Israeli Film Wins Top Prize in Venice
In the 60 years since the Venice Film Festival first bestowed its Golden Lion award, no Israeli film has ever won — until now. On Sept. 12, filmmaker Samuel Maoz received the top prize for his film, “Lebanon,” which focuses on the 1982 Lebanon war.
Few writers and directors get to fully experience what they create on screen, but Maoz, who wrote and directed “Lebanon,” was a trained gunner for a tank crew in the Israeli Defense Forces. He knows firsthand the emotion and destruction of war. Using his own experience as inspiration, Maoz tells the story of four soldiers who operate a tank in a bombarded town and find themselves fighting for their lives in one of the most brutal wars in Israeli history.

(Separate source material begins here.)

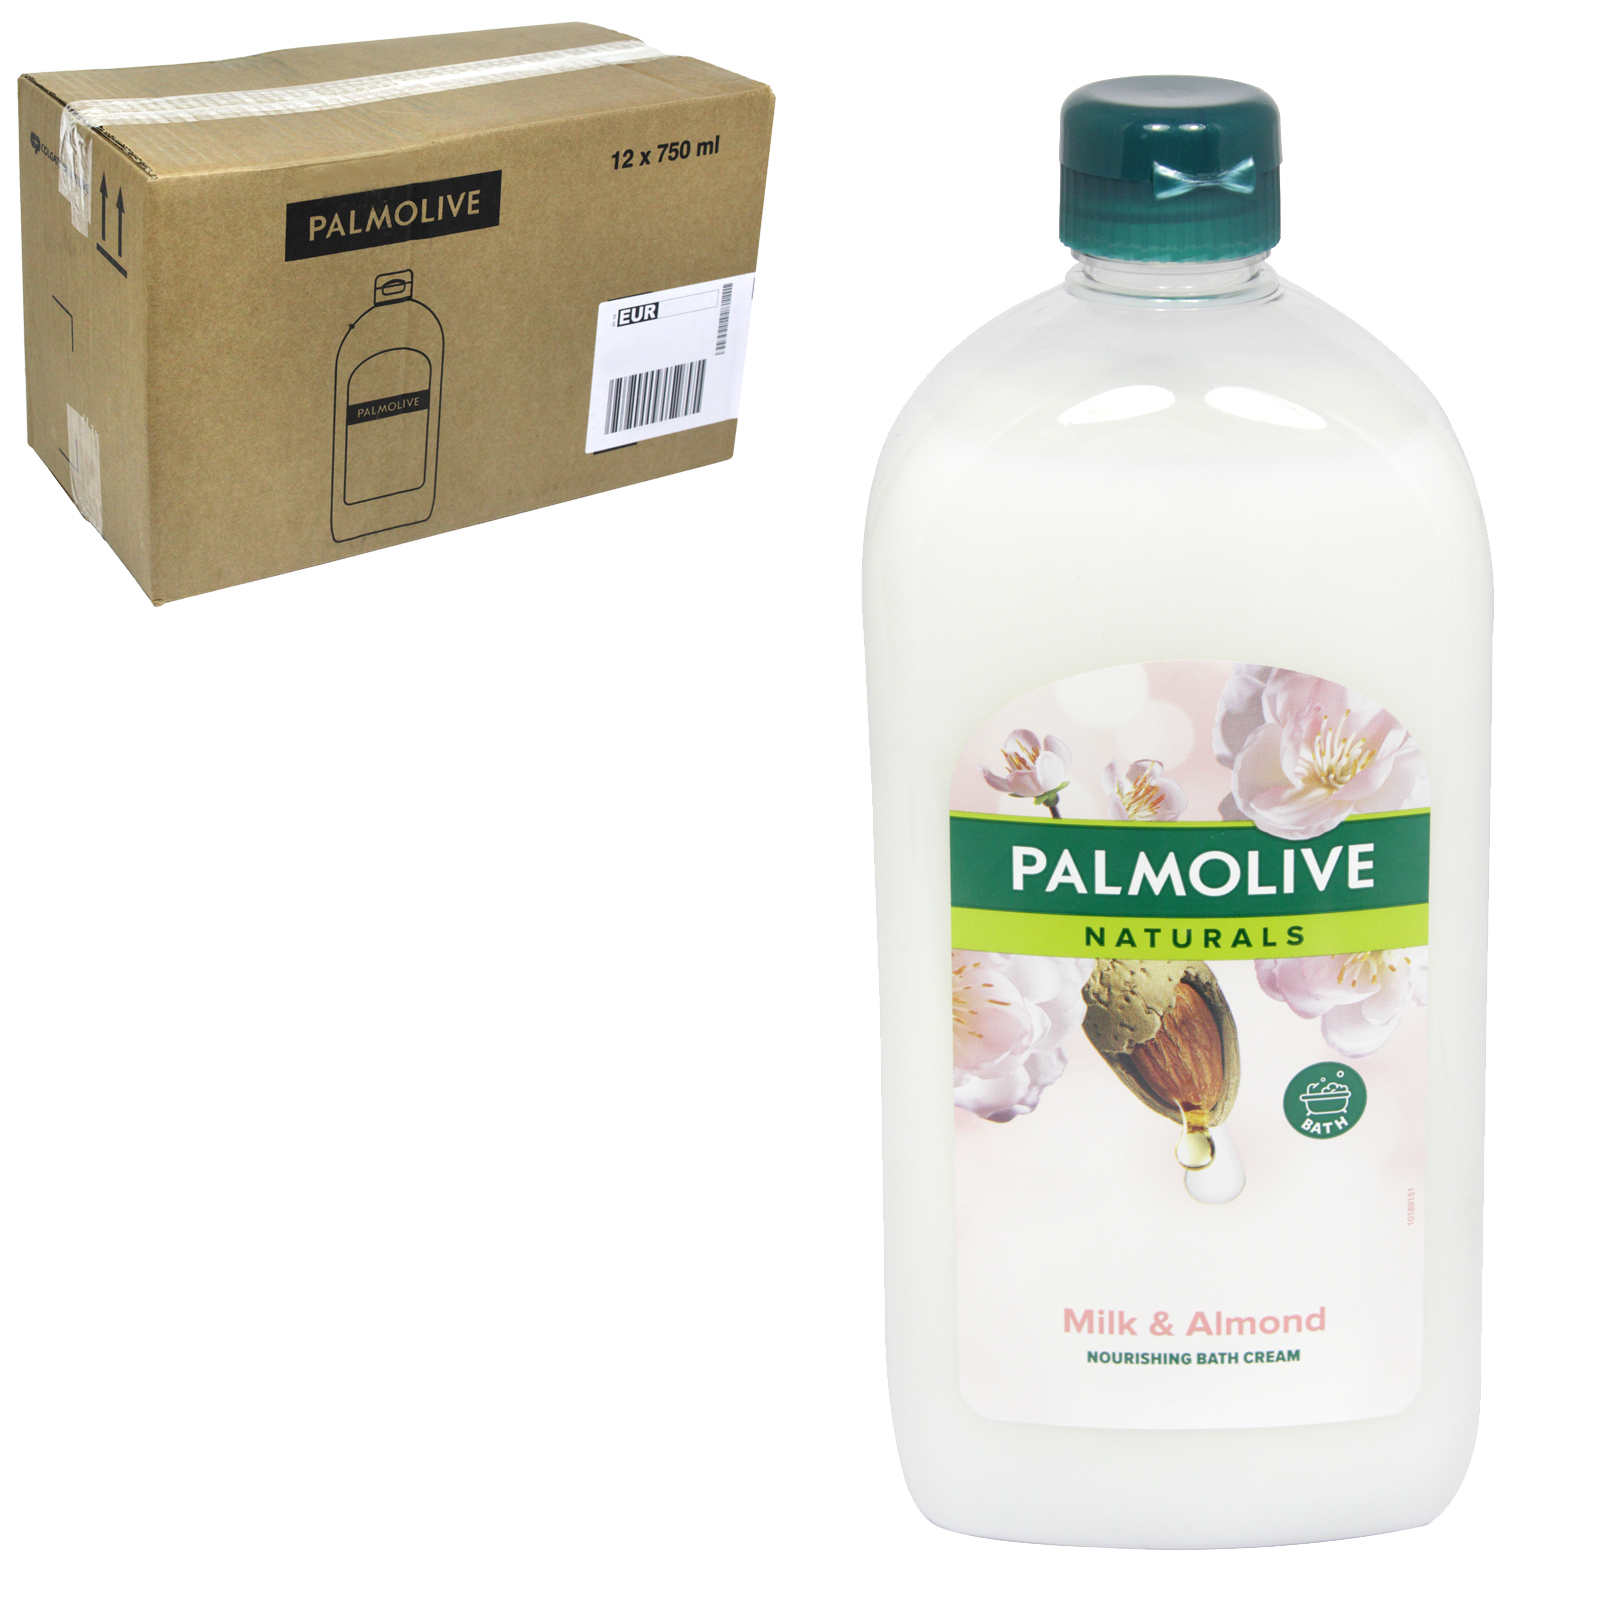 PALMOLIVE NATURALS NOURISHING BATH CREAM 750ML MILK+ALMOND X12

“I wrote Lebanon straight from my gut,” said Maoz. He wasn’t interested, he said, in such scripting conventions as introductions, character backgrounds and dramatic structure. “What remained fresh and bleeding was the emotional memory,” he said. “I wrote what I felt.”
The film follows a year after the animated Israeli feature “Waltz With Bashir,” Ari Folman’s dark portrayal of his experience coping with the Lebanon war. The film won a Golden Globe Award.
Maoz claimed the coveted prize, an upset in a festival where both George Clooney and Michael Moore were favored. The Golden Lion has been awarded to such major films as “The Battle of Algiers,” “Gloria” and more recently, “The Wrestler.”
“Lebanon” will be screened at the New York Film Festival on Oct. 1 and 2.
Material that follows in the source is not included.